Rusya, Suriye'ye yönelik sınır ötesi yardımı neden veto etti?

Gülru Gezer Independent Türkçe için yazdı

Fotoğraf: AP

Bu hafta neredeyse tüm dünya 11-12 Temmuz 2023 tarihlerinde Vilnius'ta düzenlenen NATO Devlet/Hükümet Başkanları Zirvesi'ne odaklanmışken Rusya, BM Güvenlik Konseyi'nde çok önemli bir kararı veto etti.

Hafta başında, 2014 yılından bu yana Suriye'ye Türkiye üzerinden yapılan sınır ötesi yardımın uzatılması gündeme geldi.

Rusya ise kendi karar tasarısında diretti ve yeterli oyu alamayınca Norveç ve İrlanda tarafından sunulan tasarıyı veto etti.

Böylelikle Suriye'nin Kuzeybatısında yaşayan ve insani yardım sayesinde hayatını idame ettiren dört milyondan fazla insanın geleceği belirsiz bir hal aldı. 


Rusya'nın uzlaşmaz tutumu 

2014 tarihli ve 2165 sayılı ilk BM Güvenlik Konseyi kararı Türkiye'nin Öncüpınar (Bab al-Salam), Çobanbey (Al-Rai) ve Cilvegözü (Bal al-Hawa) sınır kapıları üzerinden Suriye'ye BM ajansları ve ortaklarının insani yardım ulaştırmasını öngörüyordu.  

Ancak yıllar içerisinde Rusya'nın itirazları nedeniyle Türkiye üzerinden Suriye'ye yardım göndermek sorun haline geldi ve sadece Cilvegözü sınır kapısını kullanarak yardım sevkiyatında bulunmak mümkün oldu. 
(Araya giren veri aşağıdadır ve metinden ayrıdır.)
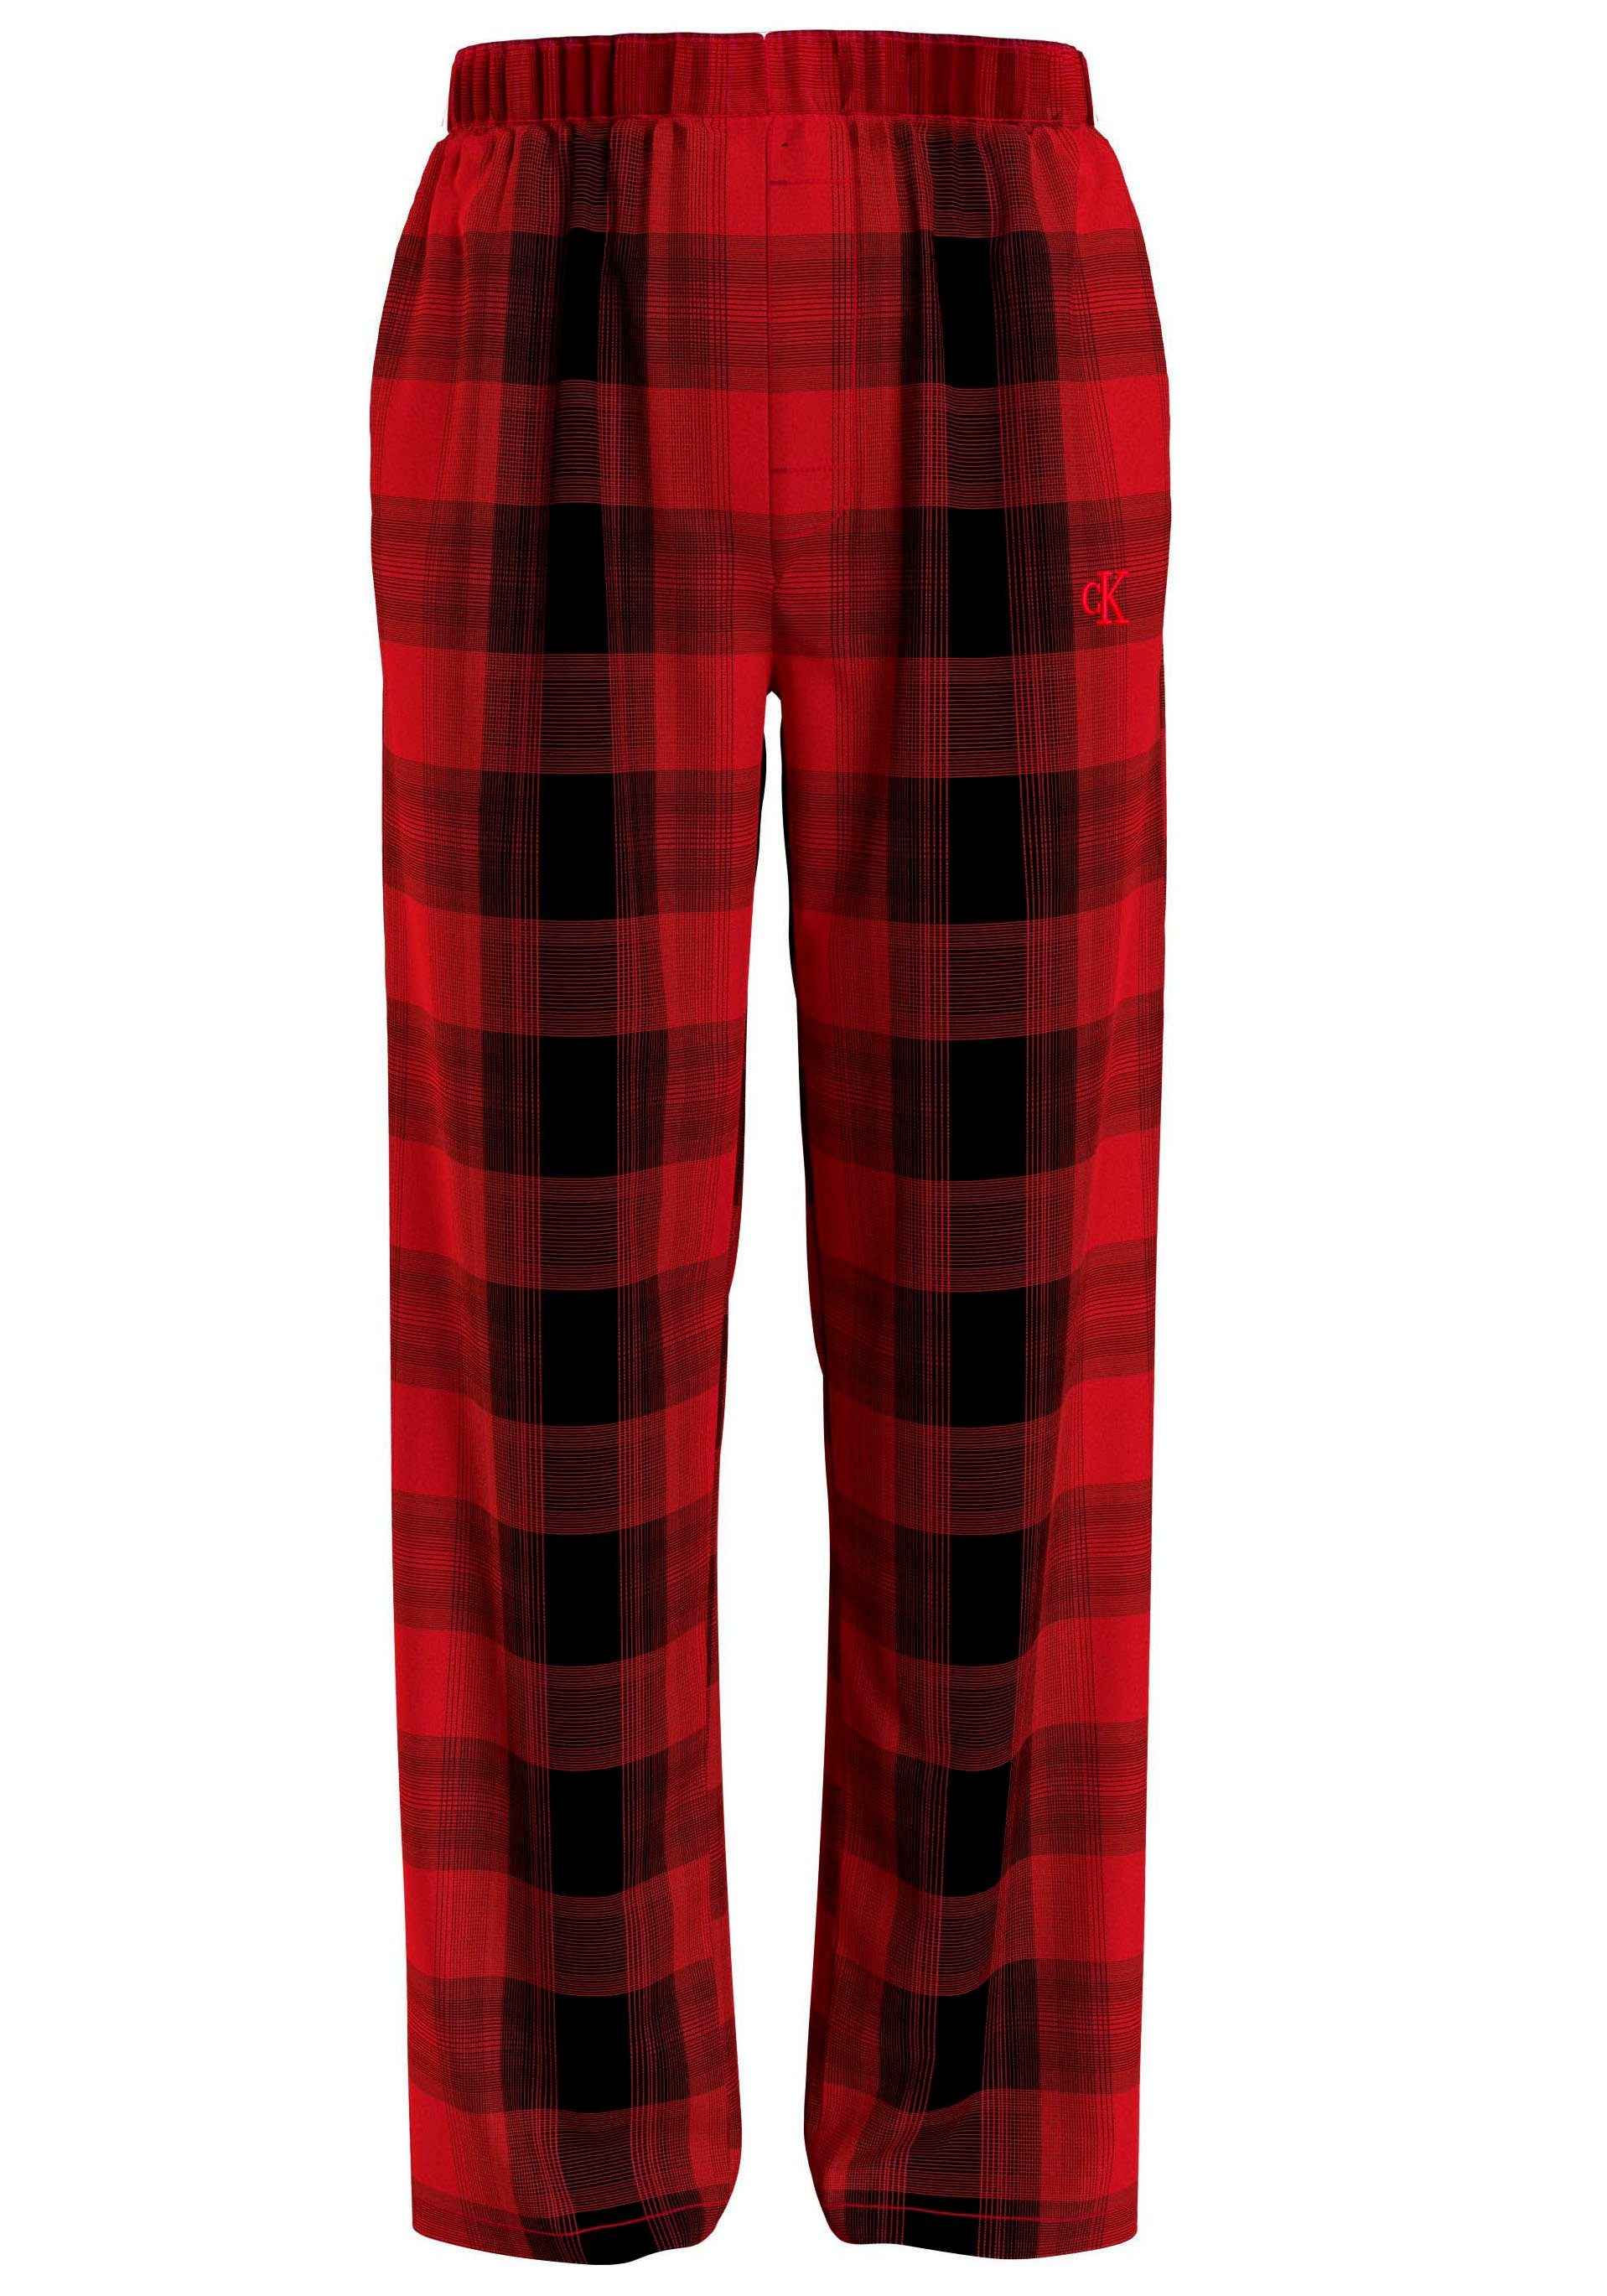 Calvin Klein Underwear Pyjamahose SLEEP PANT in karierter Optik | Pyjamahosen

Geçen yıllarda Rusya'nın itirazının temelinde, söz konusu yardımın Esad Yönetimi'nin onayı alınmadan yapılıyor ve Şam'a sadece bildirimde bulunuyor olması vardı.

Rusya ayrıca, bu durumun Suriye'nin toprak bütünlüğüne ve egemenliğine helal getirdiğini savunuyordu. Bu nedenle, Rus yetkililer "sınır ötesi yardım" yerine "çizgiötesi yardım"ın daha doğru olduğunu belirtiyordu.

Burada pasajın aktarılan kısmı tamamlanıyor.